Anomaly detection of spacecraft inertial measurement units based on multi-scale dependency neural network

Abstract

Inertial Measurement Units (IMUs) are critical for spacecraft attitude control, navigation, and positioning. Anomaly detection is essential to ensure the safe and stable operation of these systems. However, existing anomaly detection methods face challenges in terms of precision, generalization, and the interpretability of captured features. To address these issues, this paper proposes an anomaly detection method based on Multi-Scale Dependency (MSD) neural network, leveraging an unsupervised deep learning approach focused on diverse anomaly characteristics. The proposed method employs Temporal Convolutional Network (TCN) to extract local temporal features, which enables the identification of point anomalies, local collective and contextual anomalies.

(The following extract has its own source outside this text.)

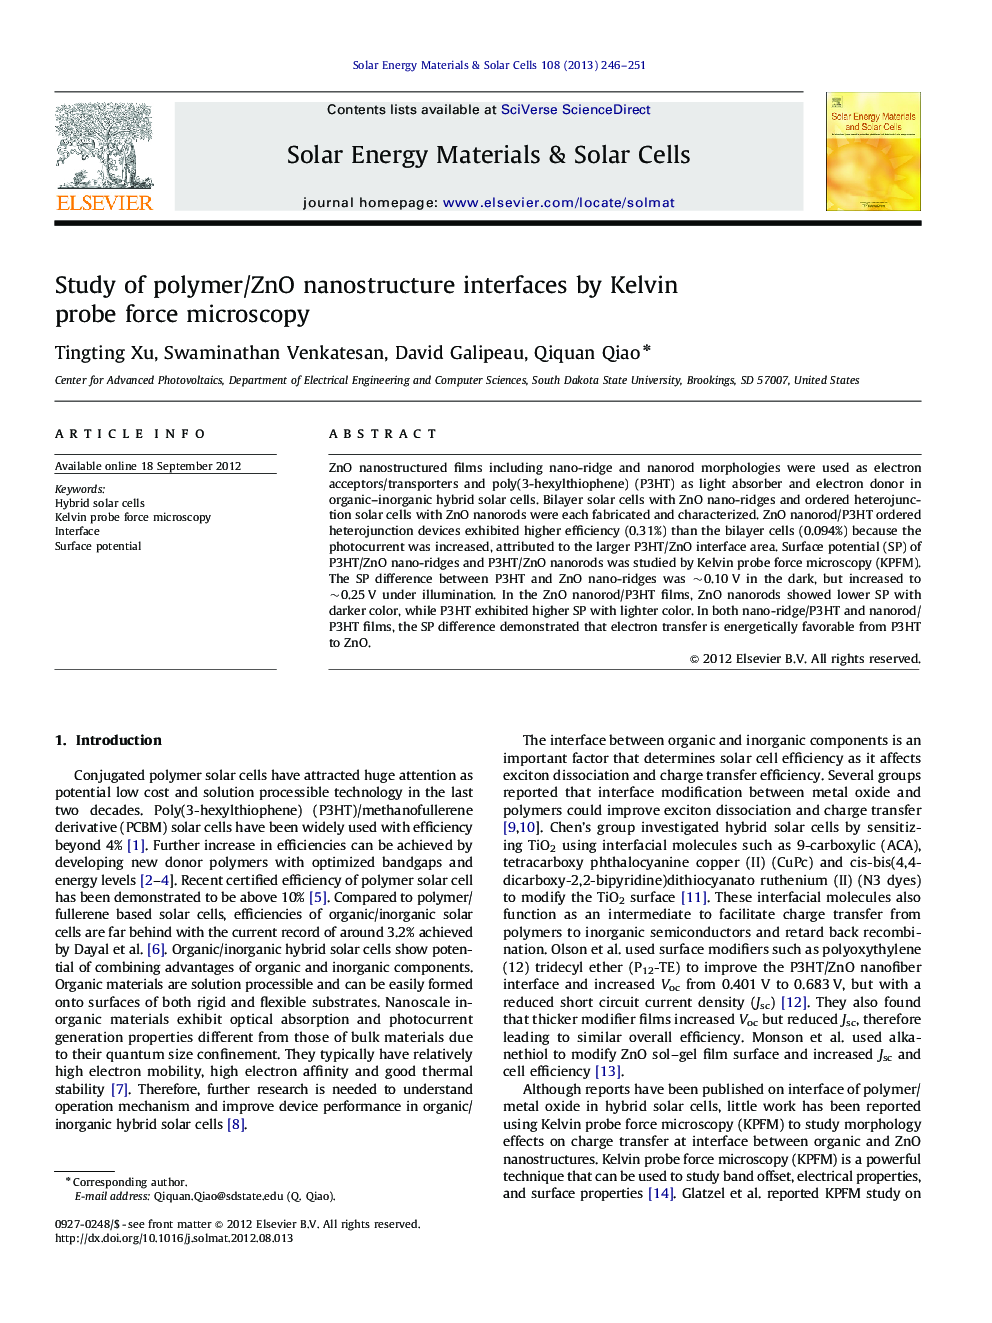 Study of polymer/ZnO nanostructure interfaces by Kelvin probe force microscopy

The method also employs Graph Convolutional Networks (GCN) with Maximal Information Coefficient (MIC) to model multivariate dependencies, effectively capturing cross-variable relationship. Additionally, multi-head self-attention mechanism is utilized for global temporal modeling, enhancing the detection of collective and contextual anomalies. Finally, anomaly states are detected by combining reconstruction and prediction. Experimental results demonstrate that the proposed method achieves F1 scores exceeding 95 % across IMU datasets and three public datasets, highlighting its precision and generalization capabilities. Furthermore, the interpretability of the model is enhanced through Shapley value analysis and Monte Carlo sampling-based quantification, promoting the practical application of the method.